Will this make the query faster? Probably: LEAD() is generally more efficient than MIN() ... LEFT JOIN ... GROUP BY because it has to wrangle less data.

Then use it with your (correct) logic to join the Activity table. Using a Common Table Expression, the query now looks like this.

WITH StartEnd AS (
  SELECT 
    id, start_datetime, 
    LEAD (start_datetime, 1) OVER (ORDER BY start_datetime ASC) end_datetime
  FROM Event a
)
SELECT StartEnd.id EventId, StartEnd.start_datetime, StartEnd.end_datetime,
       Activity.id ActivityId, Activity.log_datetime
  FROM StartEnd
  LEFT JOIN Activity 
           ON Activity.log_datetime >= StartEnd.start_datetime
          AND (    Activity.log_datetime < StartEnd.end_datetime
                OR StartEnd.end_datetime IS NULL) 
ORDER BY StartEnd.start_datetime, Activity.log_datetime;

Fiddle

I suspect an index on Event (start_datetime) will help.
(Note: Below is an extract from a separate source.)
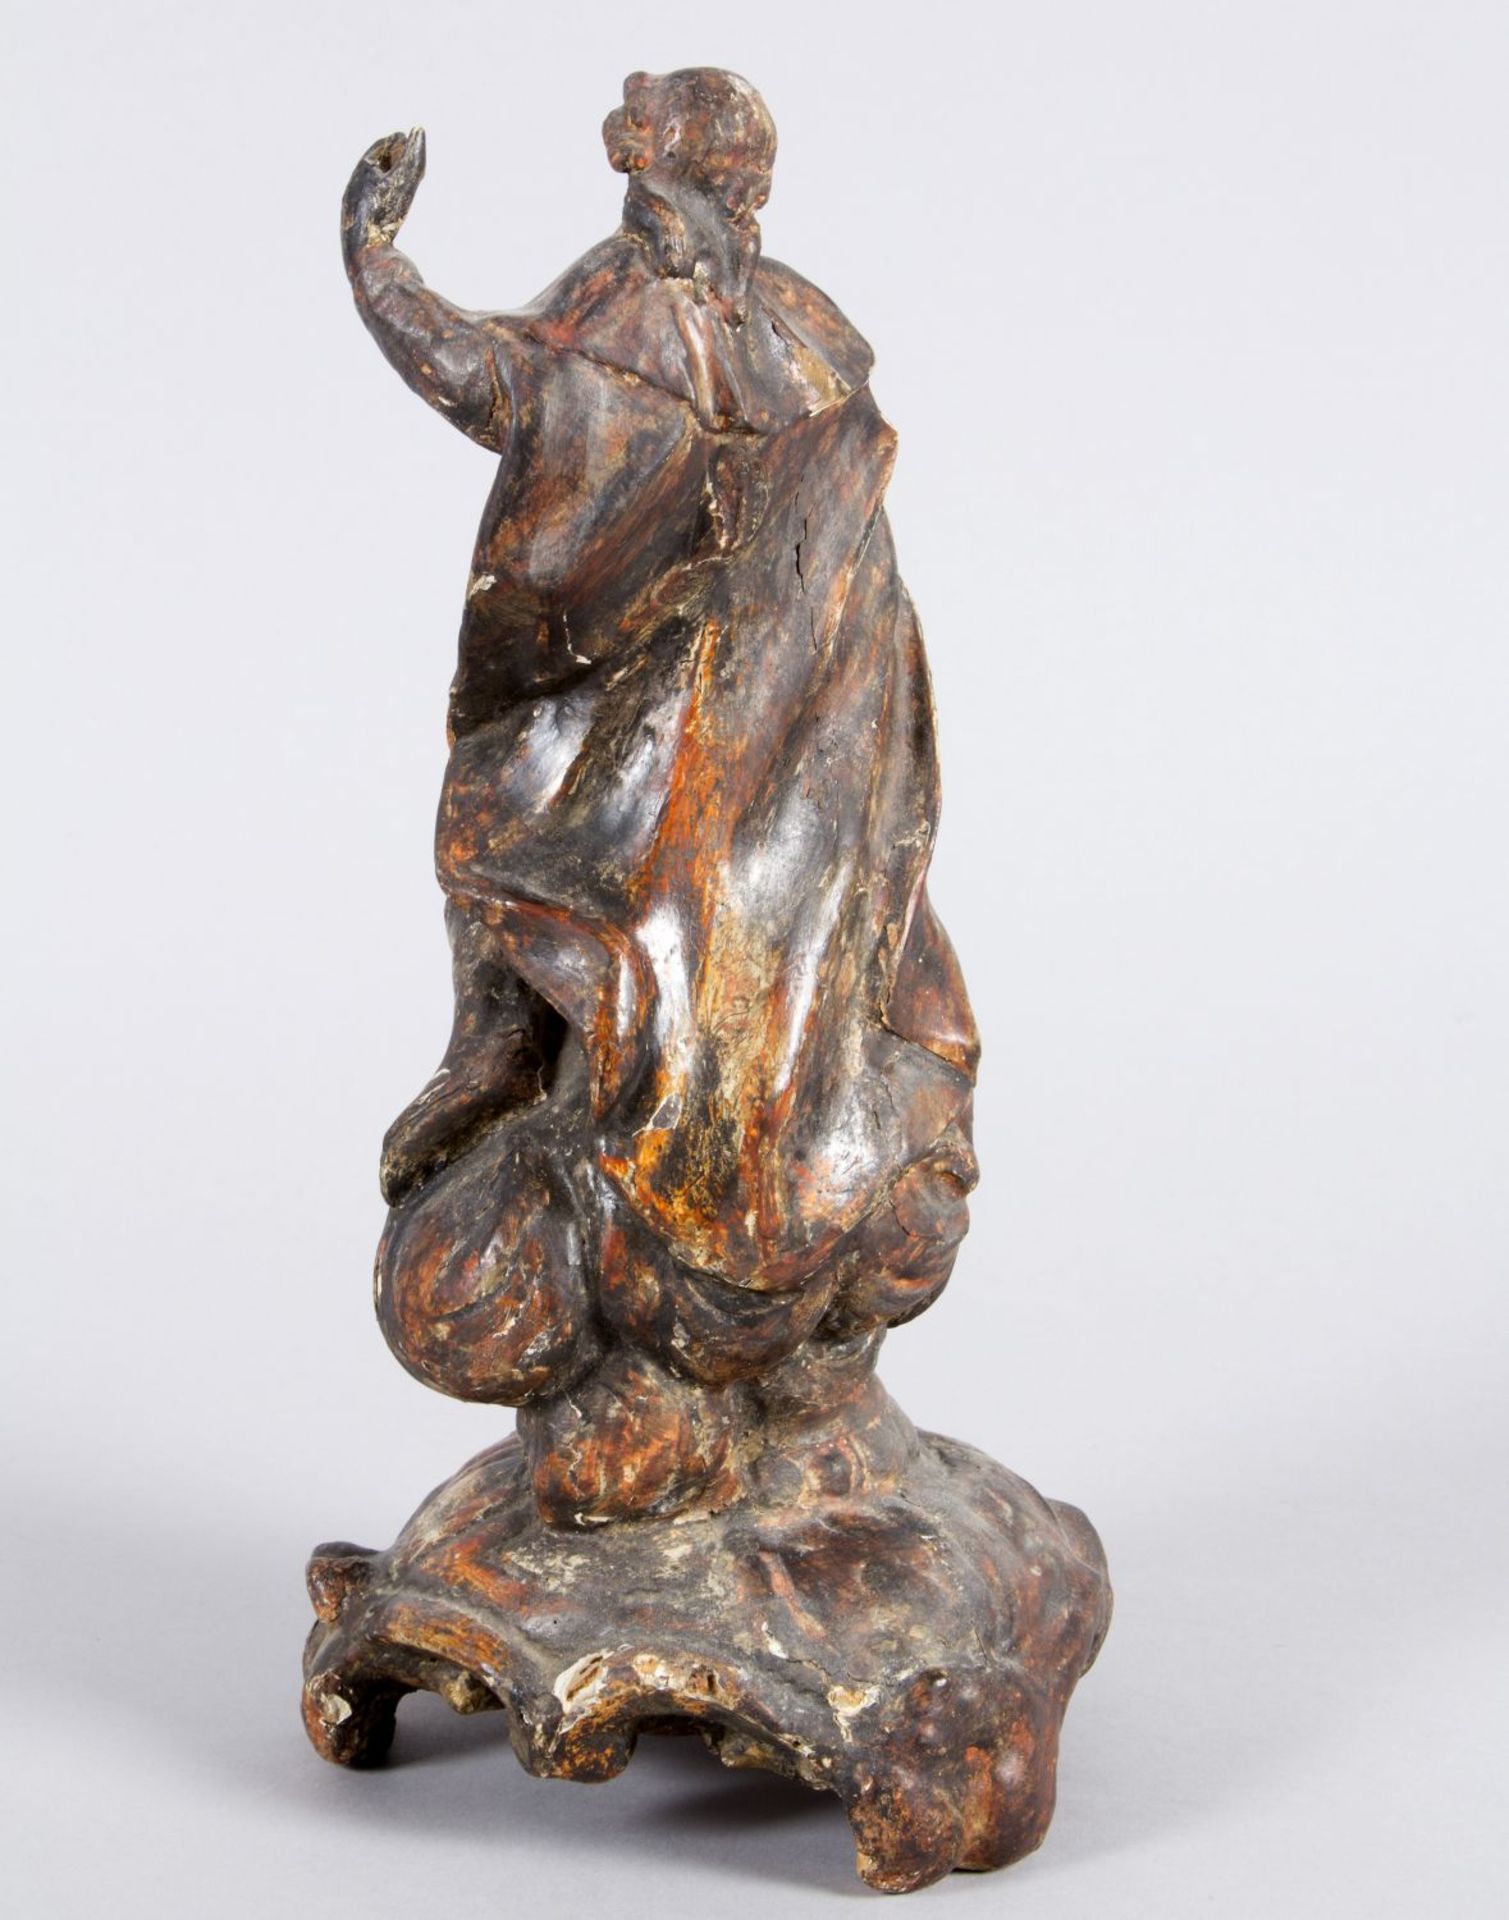 Heiligenfigur Holz, geschnitzt. Heiliger auf Wolkensaum mit Sockel. Südd., 18. Jh. H. 30 cm. Alterss - Bild 2 aus 2

And so will an index on Activity(log_datetime). You can omit id from those indexes because id is the PK on both tables and is implicitly part of any other index.

But to be sure, when you run this query with your real data in SSMS, right-click in the query window, choose Show Actual Execution Plan, then run the query and examine the plan. Those Actual plans sometimes suggest appropriate indexes.

Common Table Expressions definitely make queries easier to read. And the way the query planner works, they don't harm performance compared to using subqueries.